Tema da aula: Violência e paixão na consolidação da indústria da canção e no


seu campo predileto: a “educação sentimental.

BREVE HISTÓRICO

A partir do início do século XX, quando nossos compositores começaram a fazer


valsa com letra, o gênero cresceu, atingindo em sua forma mais
romântica o auge da popularidade nos anos 1930. Esse tipo de
composição, que, em andamento lento, canta versos líricos, por vezes
exageradamente sentimentais, representou nos 1900 a expressão máxima
de nossa canção amorosa, tal como a modinha o fizera no século anterior.
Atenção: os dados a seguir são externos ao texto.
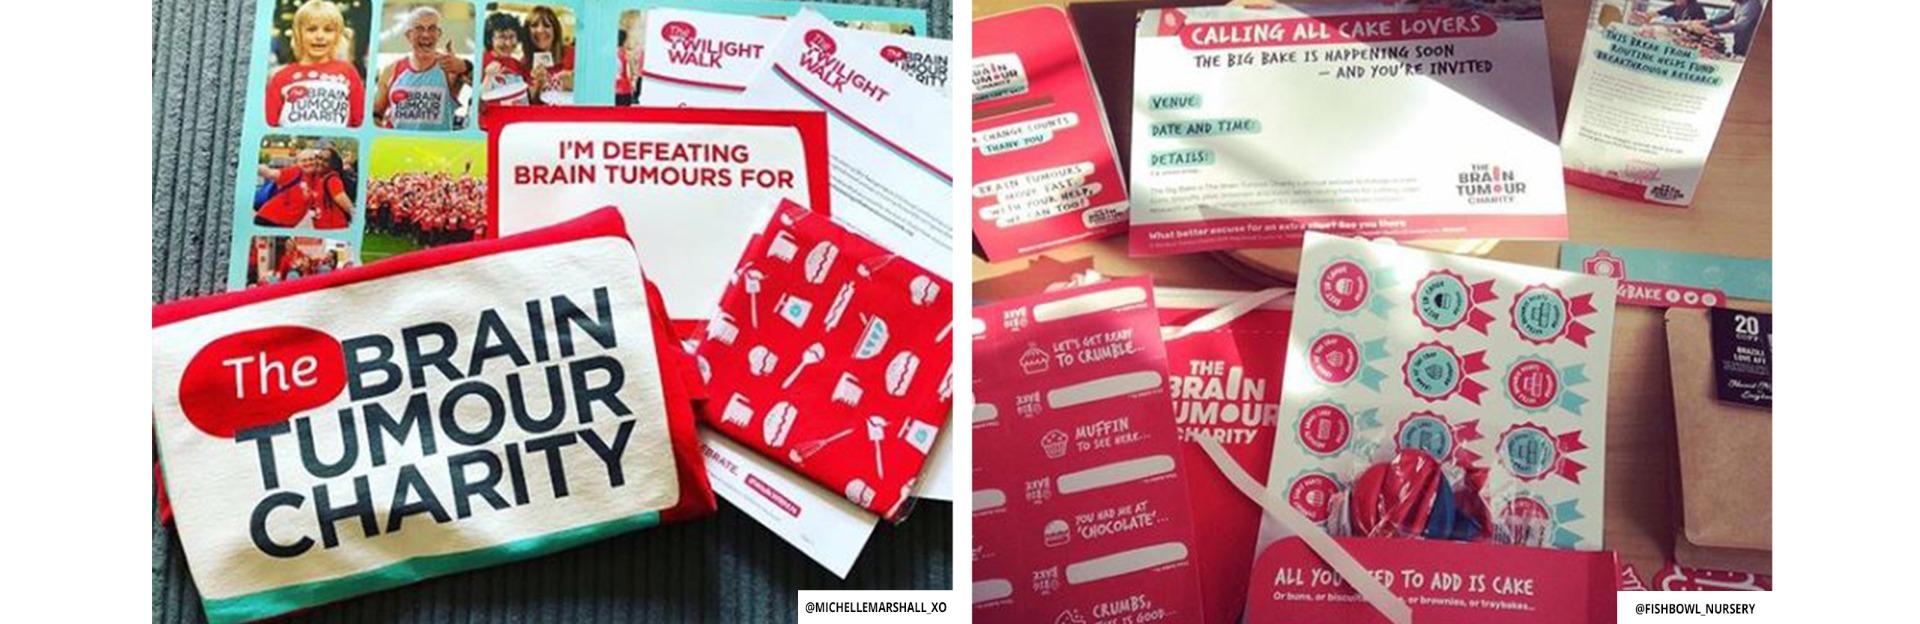 Brain Tumour Charity - Fundraising Packs

Desenvolveu-se em duas vertentes:

1) Tradicional, piegas, rebuscada, mais próxima da modinha. Ex:


“Patativa”, de Vicente Celestino.
2) Moderna – que, sem prejuízo do lirismo, trata do amor em linguagem
mais natural, mais chegada à realidade. Ex: “Chão de estrelas”, de
Orestes Barbosa.

Há também espaço para a valsa de andamento mais rápido, mais


marcado, que, embora bem brasileira no conteúdo, sofre na forma uma
certa influência da música de opereta europeia. Ex: “Eu sonhei que tu
estavas tão linda”, de Lamartine Babo.

Na onda das novas danças de salão que imperou nos Estados Unidos no início
do século XX, surgiu o fox-trot em 1912, tendo seu nome registrado em disco
dois anos depois. Dos dois ritmos de fox, o mais lento e o mais rápido, o mais
lento alcançou maior popularidade no Brasil, inspirando o nosso
romântico fox-canção, que se consolidou nos anos 1930.

Na segunda metade da década de 1940, o público brasileiro curtiu uma


intensa paixão pelo bolero ibero-americano, que invadiu o disco, o rádio,
as casas noturnas e os clubes sociais, impondo-se como presença obrigatória em
eventos musicais e dançantes.
Como nosso gênero romântico mais próximo do bolero era o
samba-canção, este passou a ter um crescimento avassalador, eclipsando a
canção ternária e o fox-canção e apossando-se do espaço até então por eles
ocupados.

O CONCEITO DE PAIXÃO
“Prefiro dizer que as paixões não são contentamentos ou desprazeres nem
opiniões, mas tendências, ou antes, modificação da tendência, que vêm da
opinião ou do sentimento, e que são acompanhadas de prazer ou desprazer”.
(Leibniz)
“Tudo o que se faz ou acontece de novo é geralmente chamado pelos filósofos de
paixão relativamente ao sujeito a quem isso acontece, de ação relativamente
àquele que faz com que aconteça”. (Descartes)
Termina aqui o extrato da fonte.